(Given data)

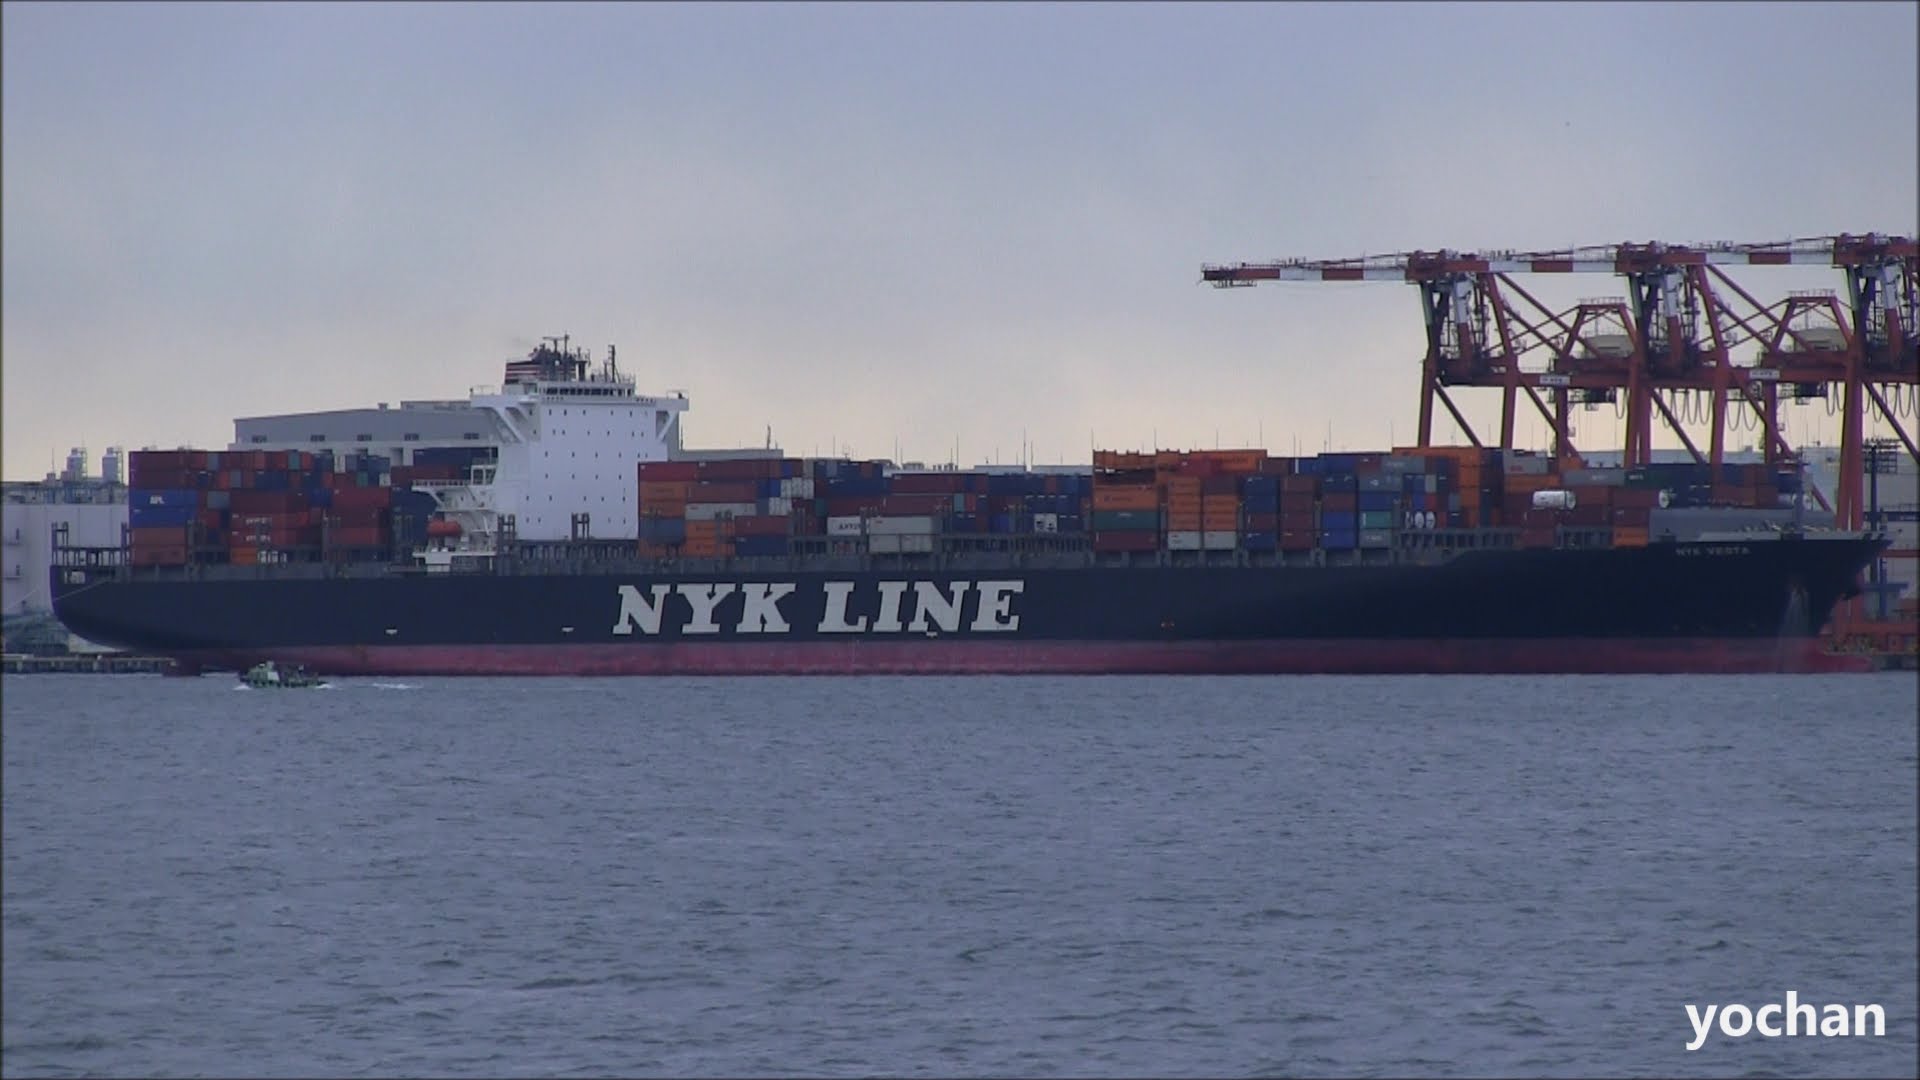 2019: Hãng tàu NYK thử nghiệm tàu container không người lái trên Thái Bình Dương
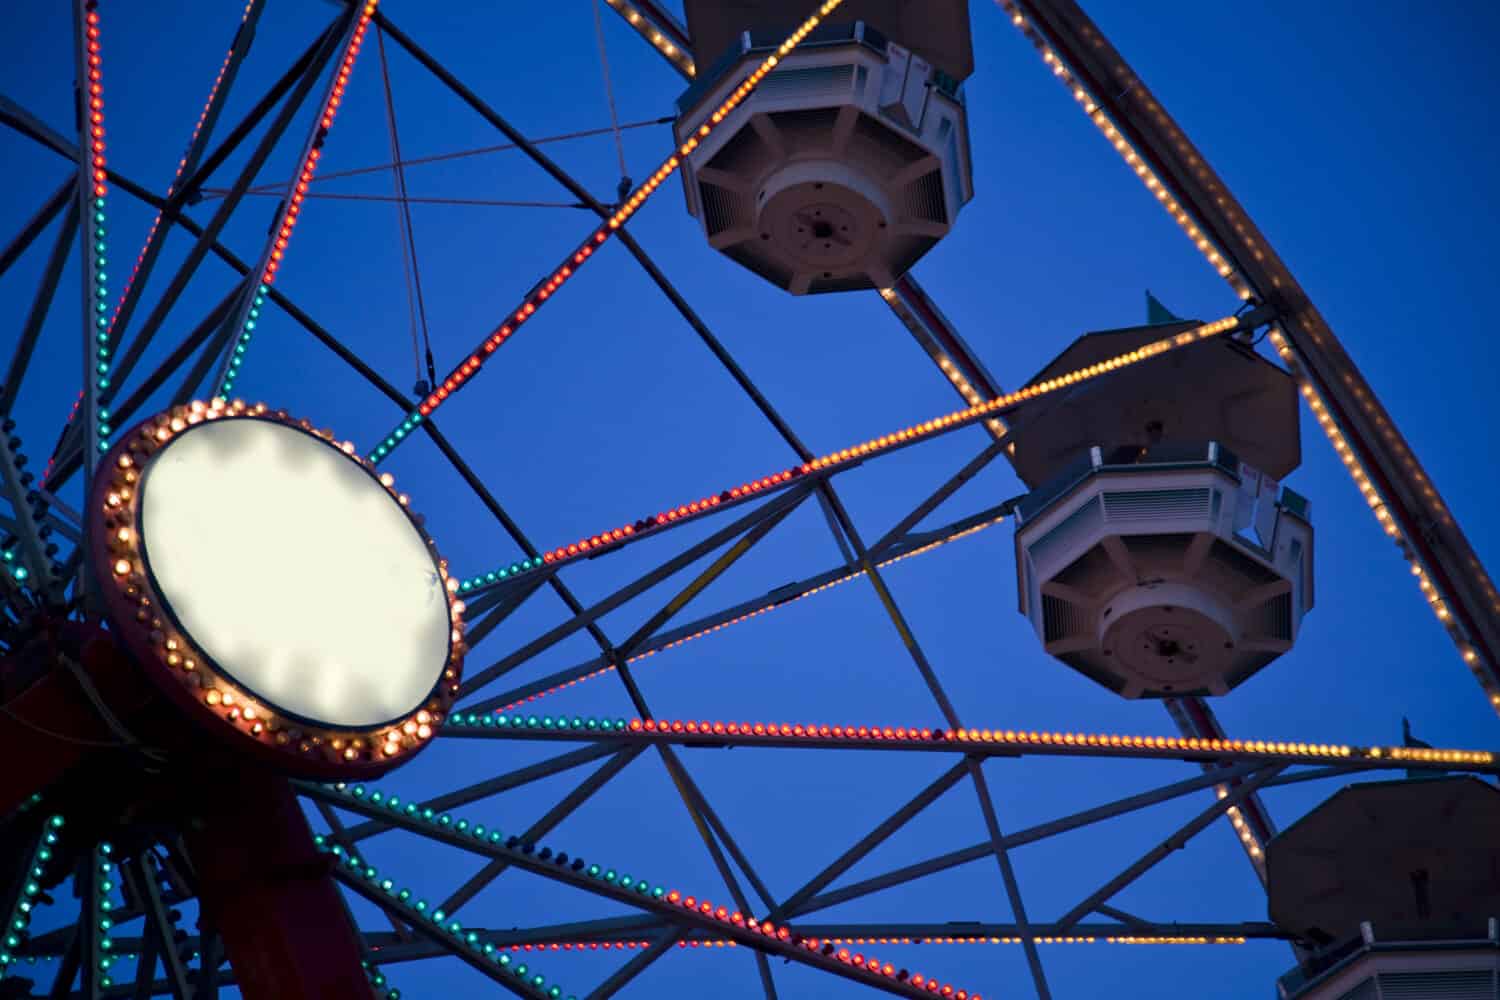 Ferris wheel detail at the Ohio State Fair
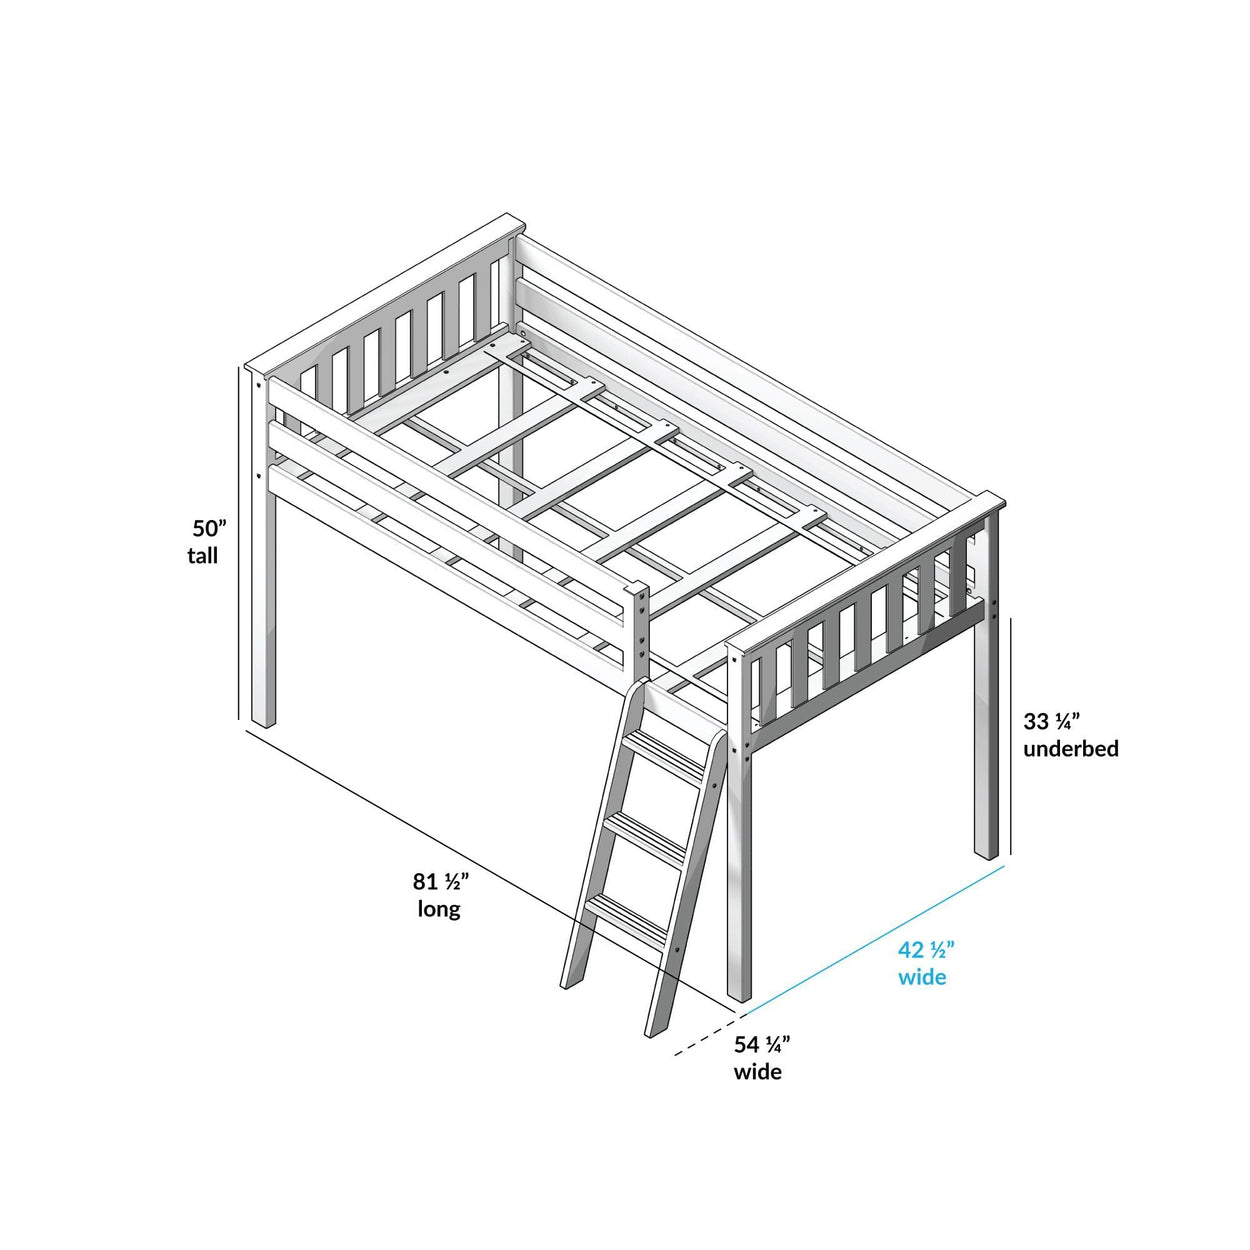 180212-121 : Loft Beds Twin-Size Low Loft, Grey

(End Given data)

[Task directions] The output should be the material above, copied exactly, without its pictures.

[Answer area]
 2019: Hãng tàu NYK thử nghiệm tàu container không người lái trên Thái Bình Dương
 Ferris wheel detail at the Ohio State Fair
 180212-121 : Loft Beds Twin-Size Low Loft, Grey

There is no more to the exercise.